> [Data shown]:
------------------------------------

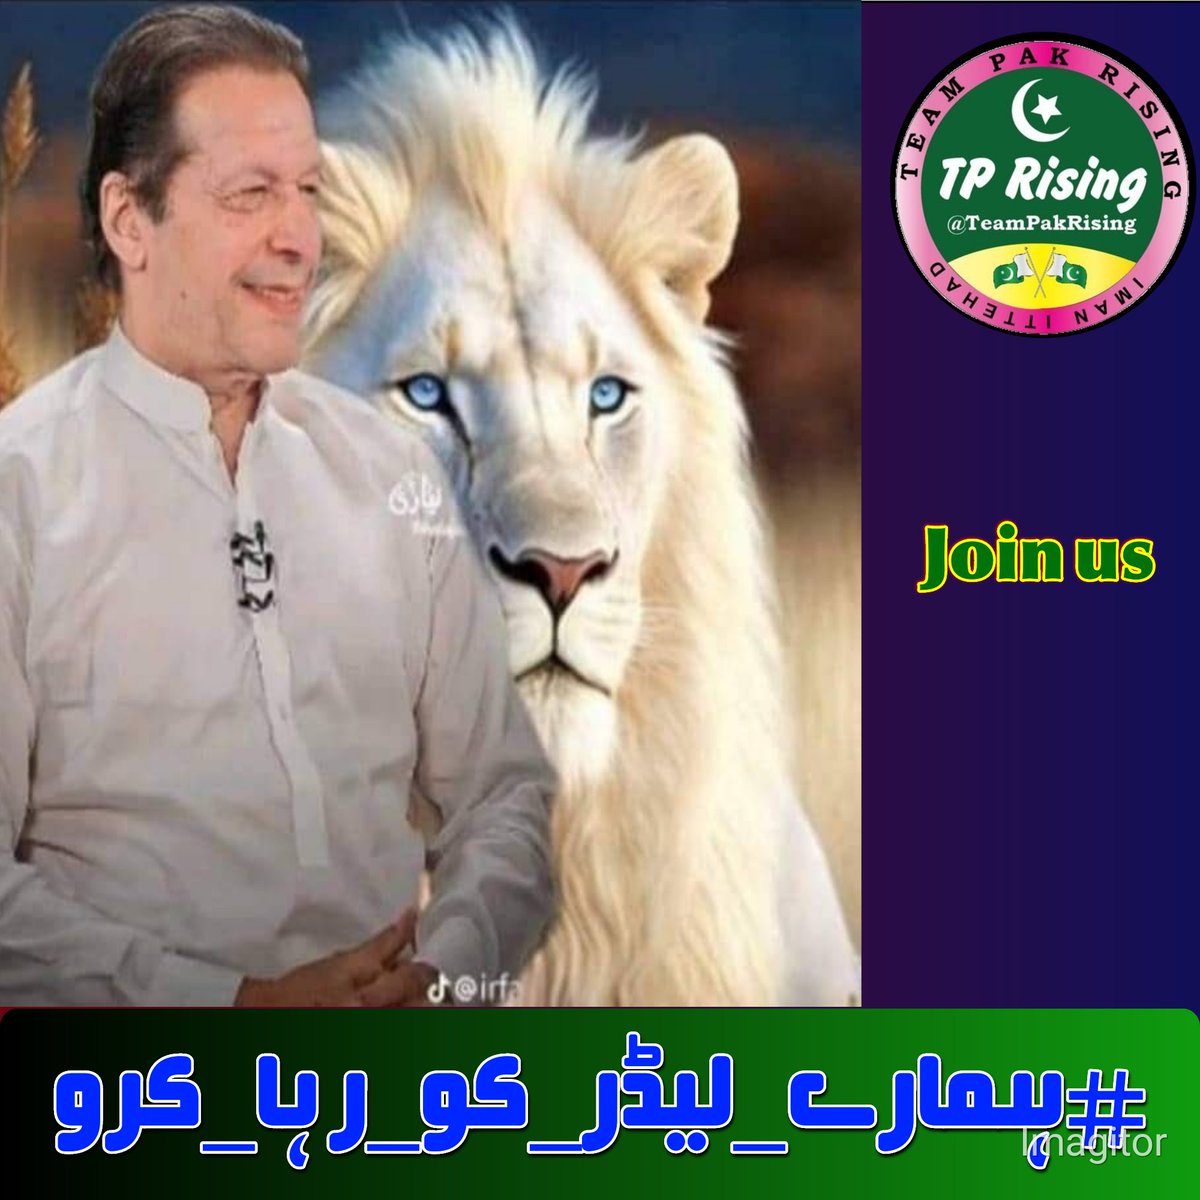 The unjust detention of our leader is a stain on democracy
@TeamPakPower

#ہمارے_لیڈر_کو_رہا_کرو

------------------------------------

Without changing a word, retype the data above and omit its pictures.

 The unjust detention of our leader is a stain on democracy
@TeamPakPower

#ہمارے_لیڈر_کو_رہا_کرو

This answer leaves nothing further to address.